* [YOUR INSTRUCTIONS]: Wherever the listing holds a picture, leave it out, and copy the remainder exactly.

* [PROVIDED MATERIAL]:
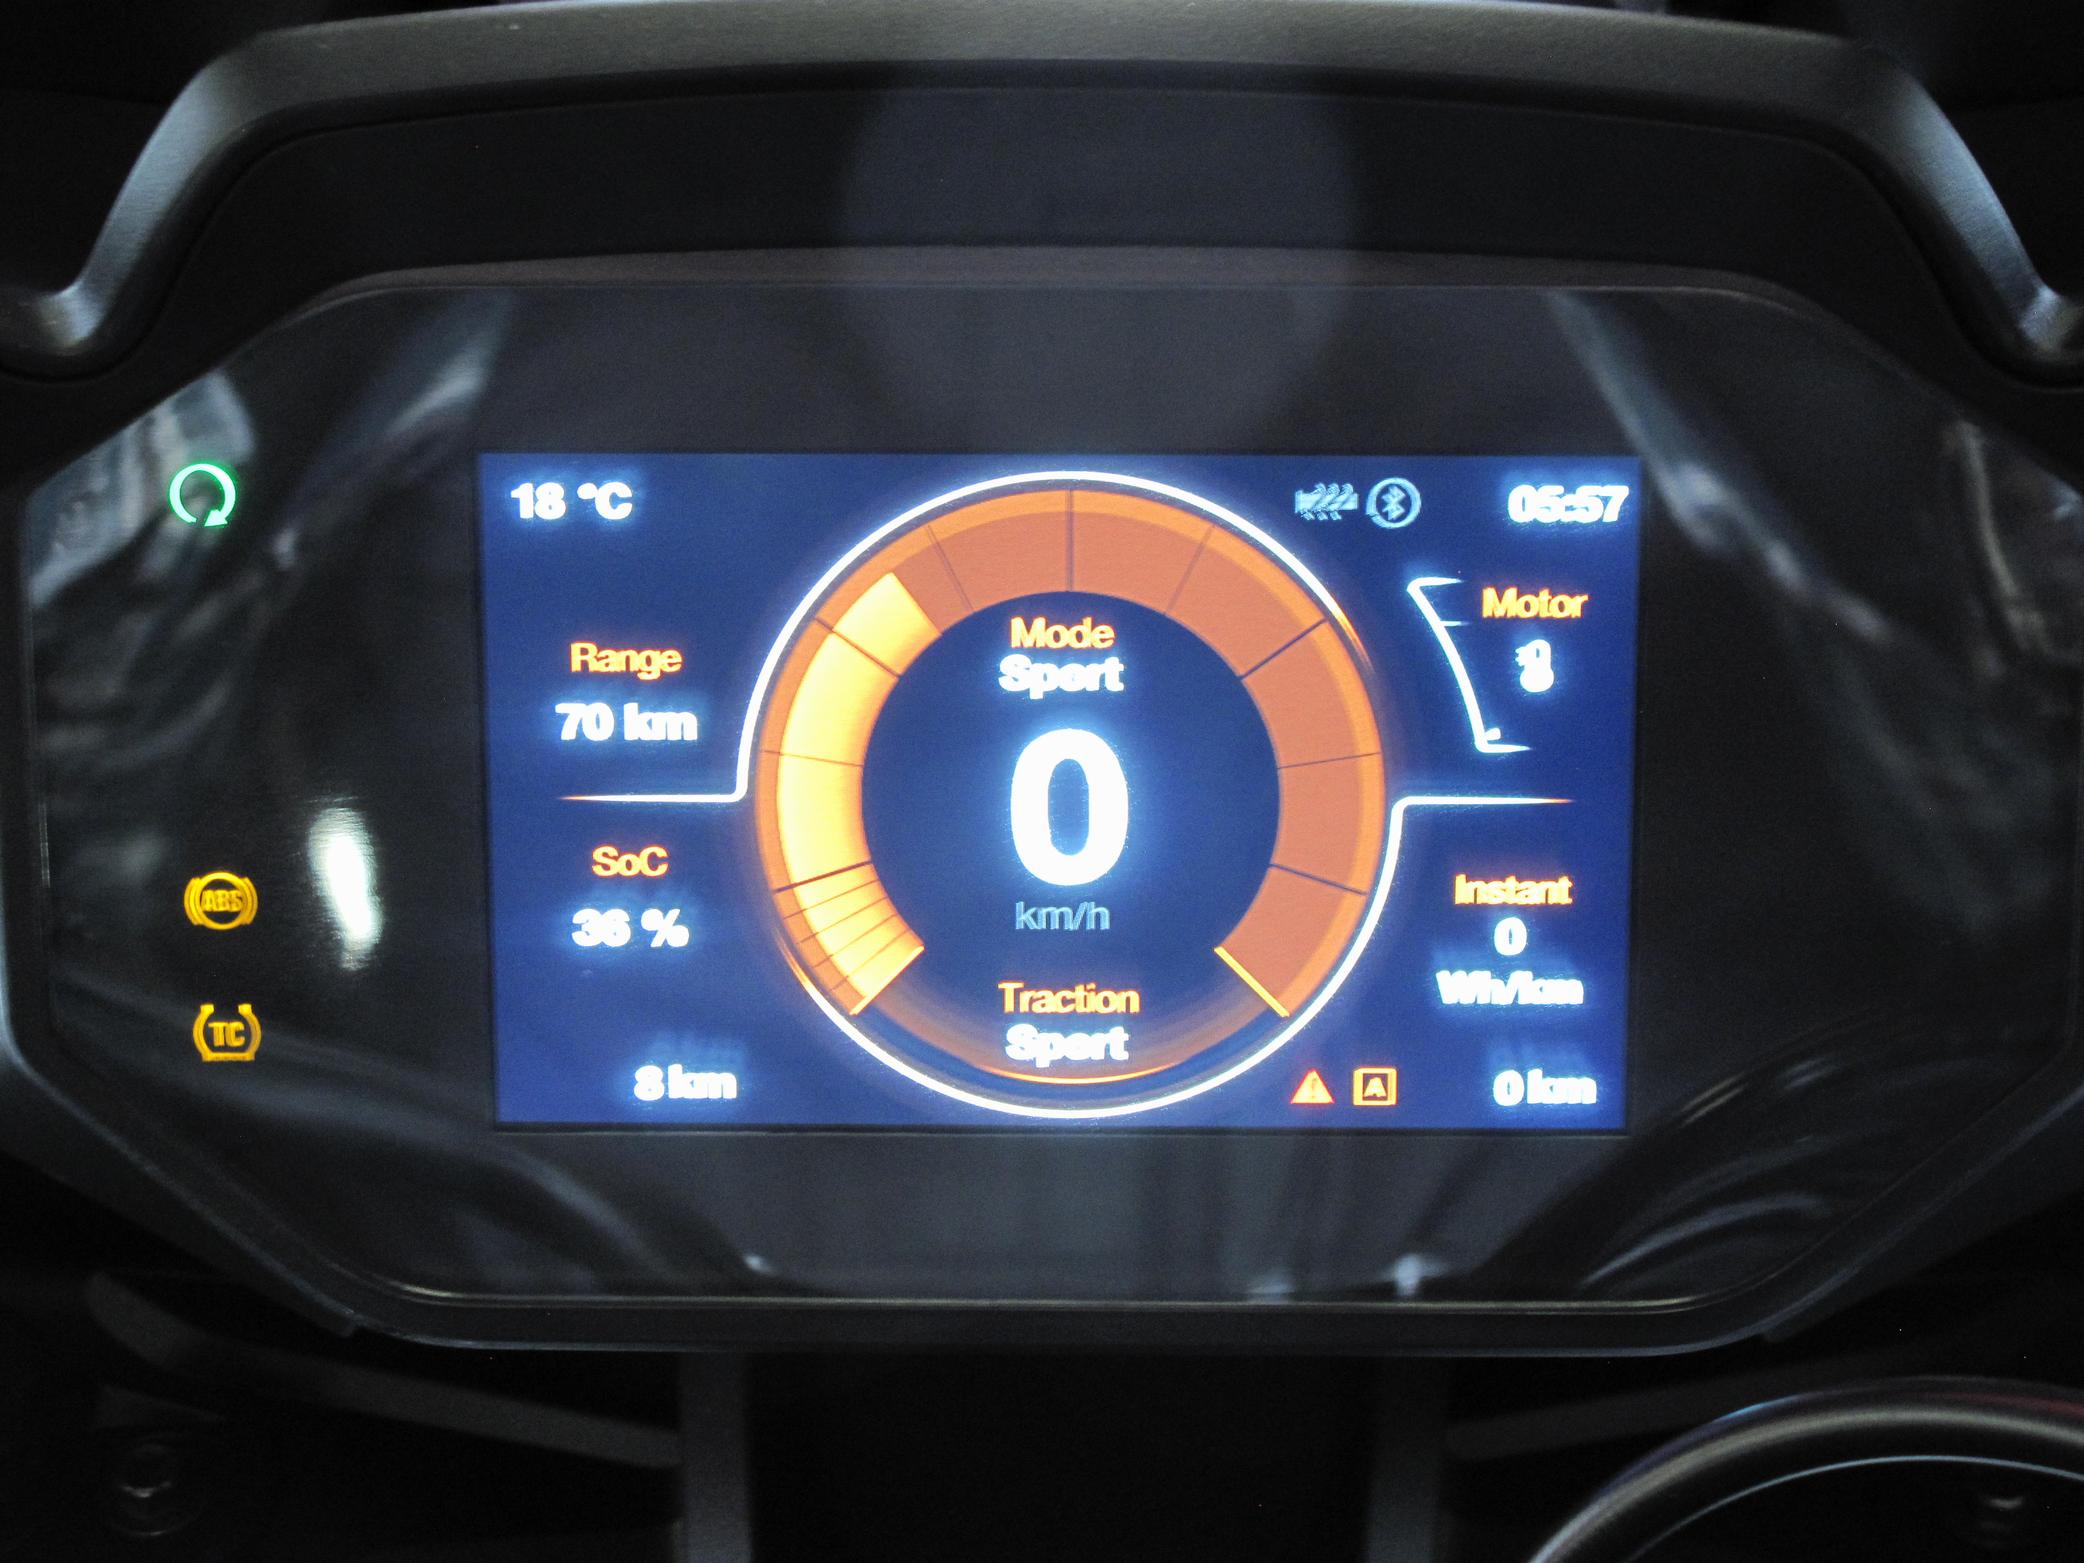 ZERO - SR/S Premium 14.4 kW
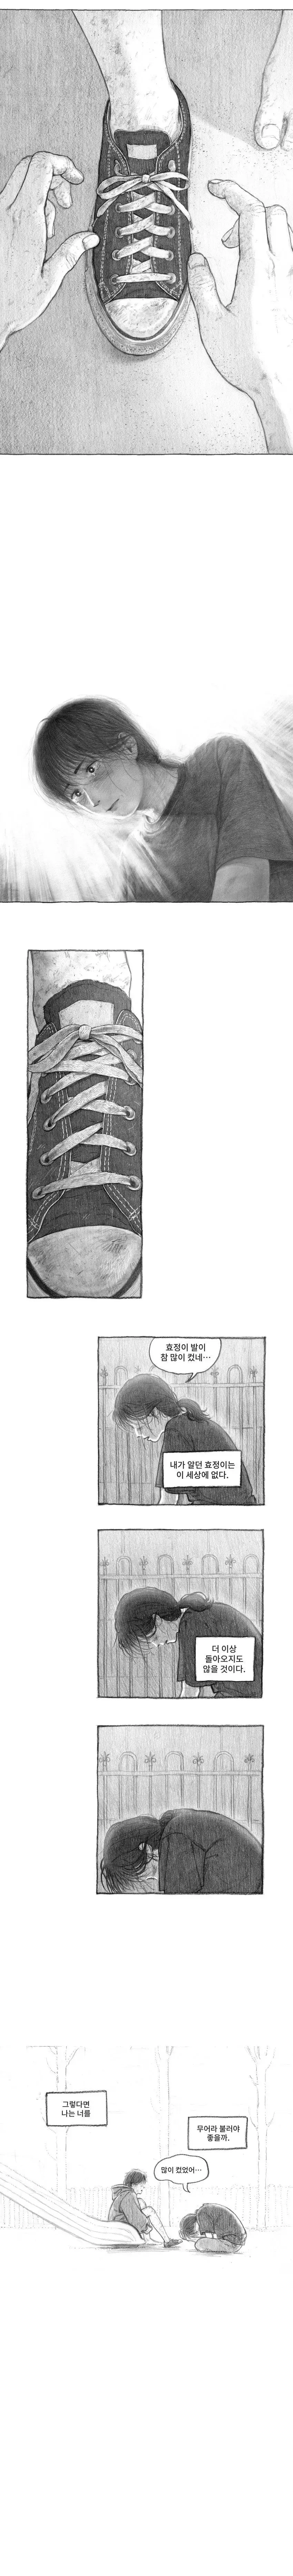 ㅆㄷ)도플갱어 | mbong.kr 엠봉
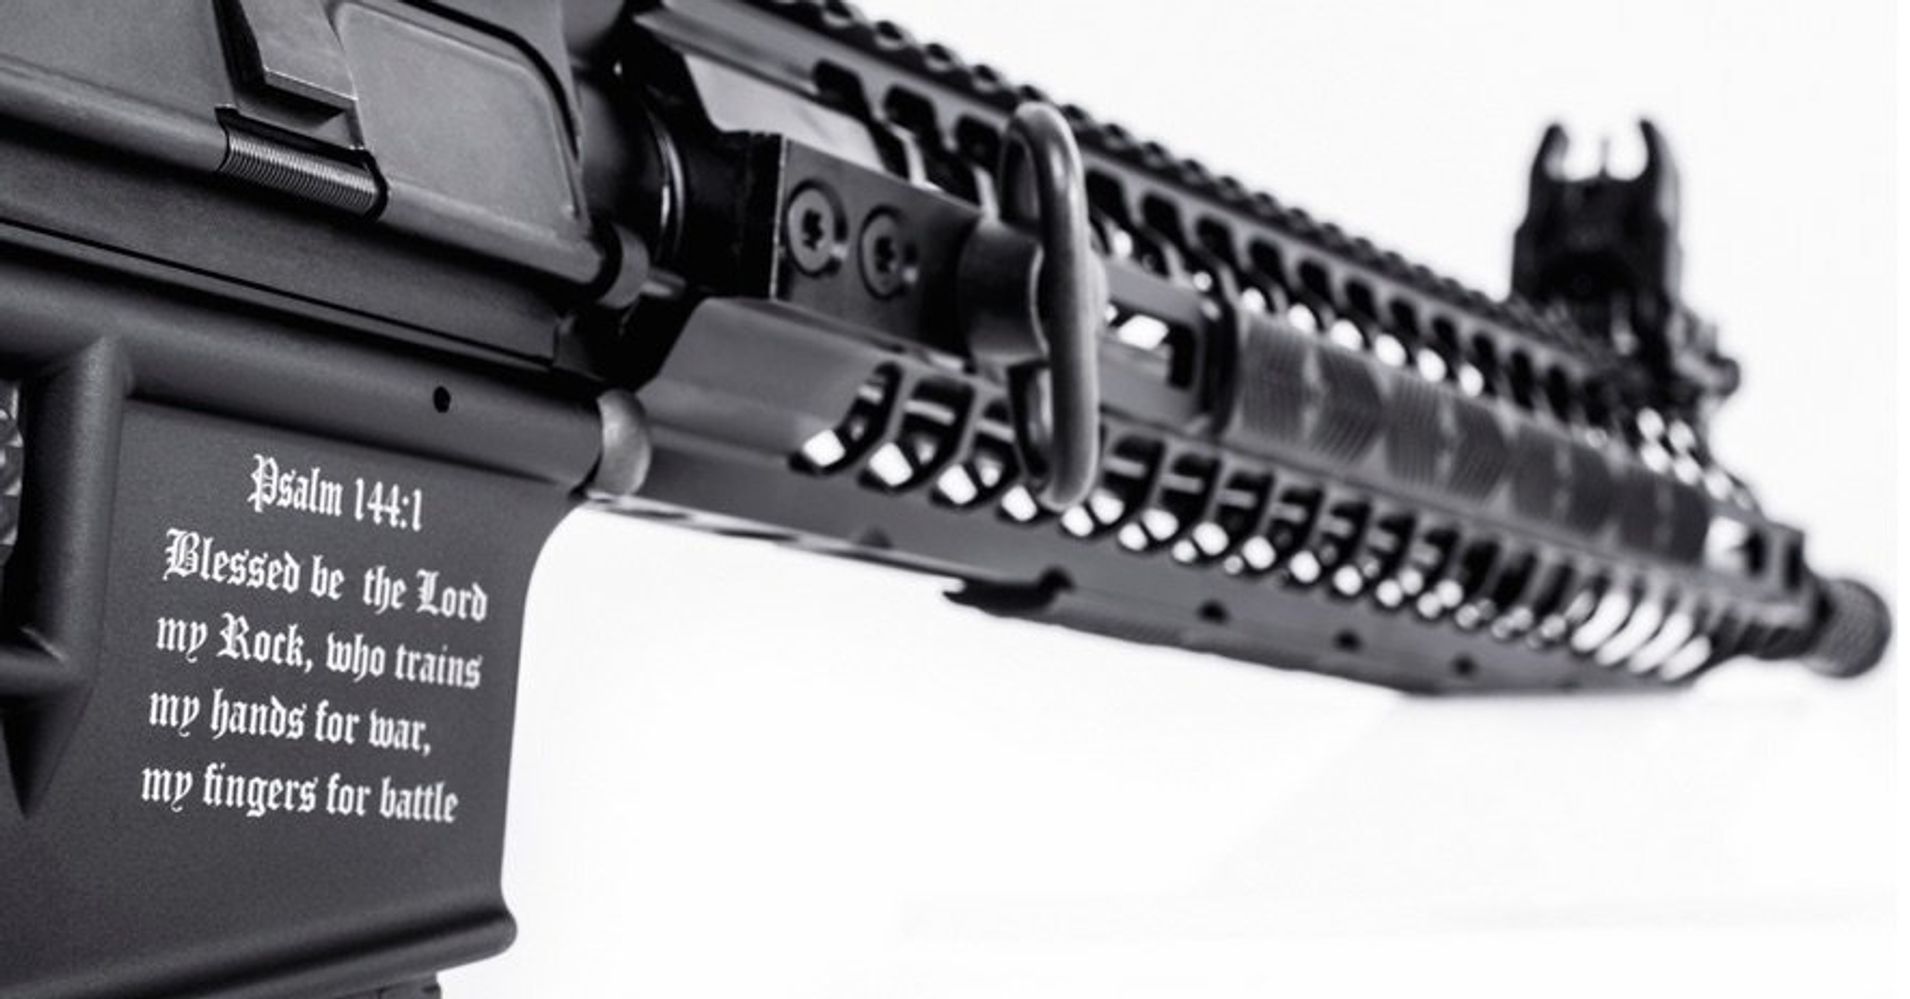 Lanzan un rifle cristiano en EEUU para evitar que caiga en manos de terroristas 55e804991700009a015695d3

* [ANSWER TO THIS EXERCISE]:
 ZERO - SR/S Premium 14.4 kW
 ㅆㄷ)도플갱어 | mbong.kr 엠봉
 Lanzan un rifle cristiano en EEUU para evitar que caiga en manos de terroristas 55e804991700009a015695d3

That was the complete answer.